Selon la Banque mondiale, les envois de fonds de la diaspora africaine ont dépassé les 100 milliards de dollars en 2023. Un chiffre colossal, supérieur à l’aide publique au développement reçue par l’ensemble des pays africains. Derrière ces flux, il n’y a pas seulement des chiffres, mais des histoires, des sacrifices et une économie parallèle qui irrigue tout un continent.
La diaspora, un acteur économique sous-estimé
On évoque souvent la diaspora africaine comme une force culturelle ou politique. Mais elle est avant tout un acteur économique de premier plan. Près de 170 millions d’Africains vivent aujourd’hui hors du continent, selon l’Union africaine. Et leurs contributions financières ne cessent de croître.
Ces transferts ne se limitent pas aux dépenses du quotidien. Ils financent l’éducation, la santé, les logements, l’entrepreneuriat. Ils alimentent aussi des investissements immobiliers, des PME locales, des abonnements numériques ou des projets collectifs comme des écoles ou des centres de santé. Autrement dit, la diaspora agit comme un pont financier et économique entre deux mondes.
Une « monnaie affective »
Mais réduire ces paiements à de simples flux monétaires serait ignorer leur véritable nature. Derrière chaque envoi se cache une histoire familiale, un attachement viscéral à la terre natale.

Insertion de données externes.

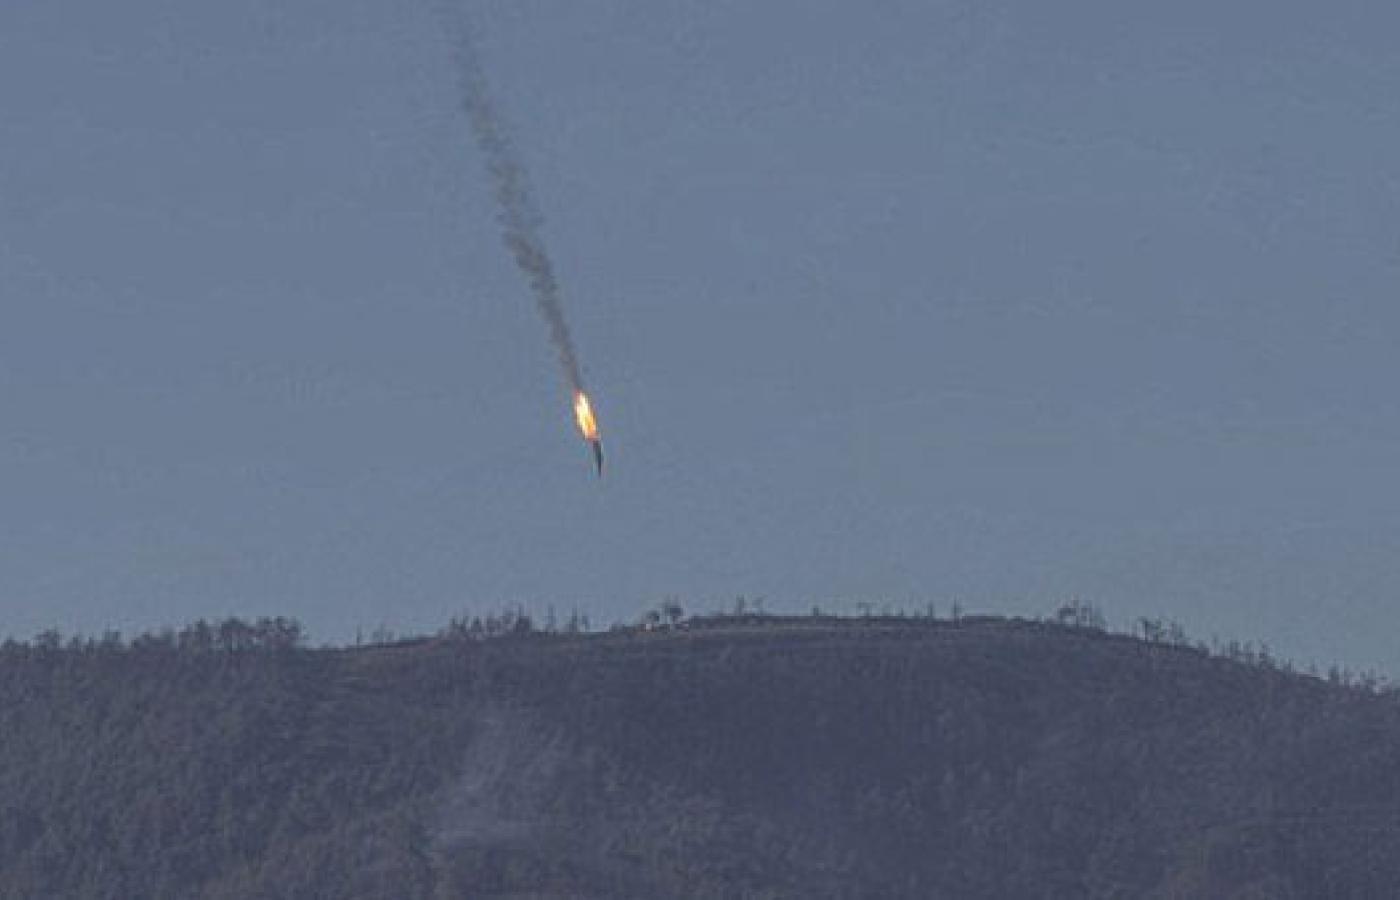 Rankiem 24 listopada rosyjski bombowiec Su-24 rozbił się na północy Syrii, zestrzelony prawdopodobnie przez turecki myśliwiec F-16.

Un chauffeur de bus à Bruxelles qui envoie 200 euros par mois à Ouagadougou n’aide pas seulement ses proches : il perpétue un lien, il entretient un fil invisible qui relie son quotidien européen aux réalités burkinabè. Une étudiante ghanéenne à New York qui paie les études de son frère à Accra ne fait pas qu’assumer une charge : elle investit dans l’avenir de sa famille et, par ricochet, de son pays.
Ces paiements incarnent ce qu’on pourrait appeler une monnaie affective : une valeur où s’entrelacent solidarité, identité et espoir.
Les obstacles persistants
Pourtant, envoyer de l’argent en Afrique reste un parcours semé d’embûches.
- Des frais exorbitants. L’Afrique subsaharienne détient le triste record des transferts les plus chers au monde, avec des commissions oscillant entre 7 et 10 %. Loin de l’objectif fixé par l’ONU (3 % maximum).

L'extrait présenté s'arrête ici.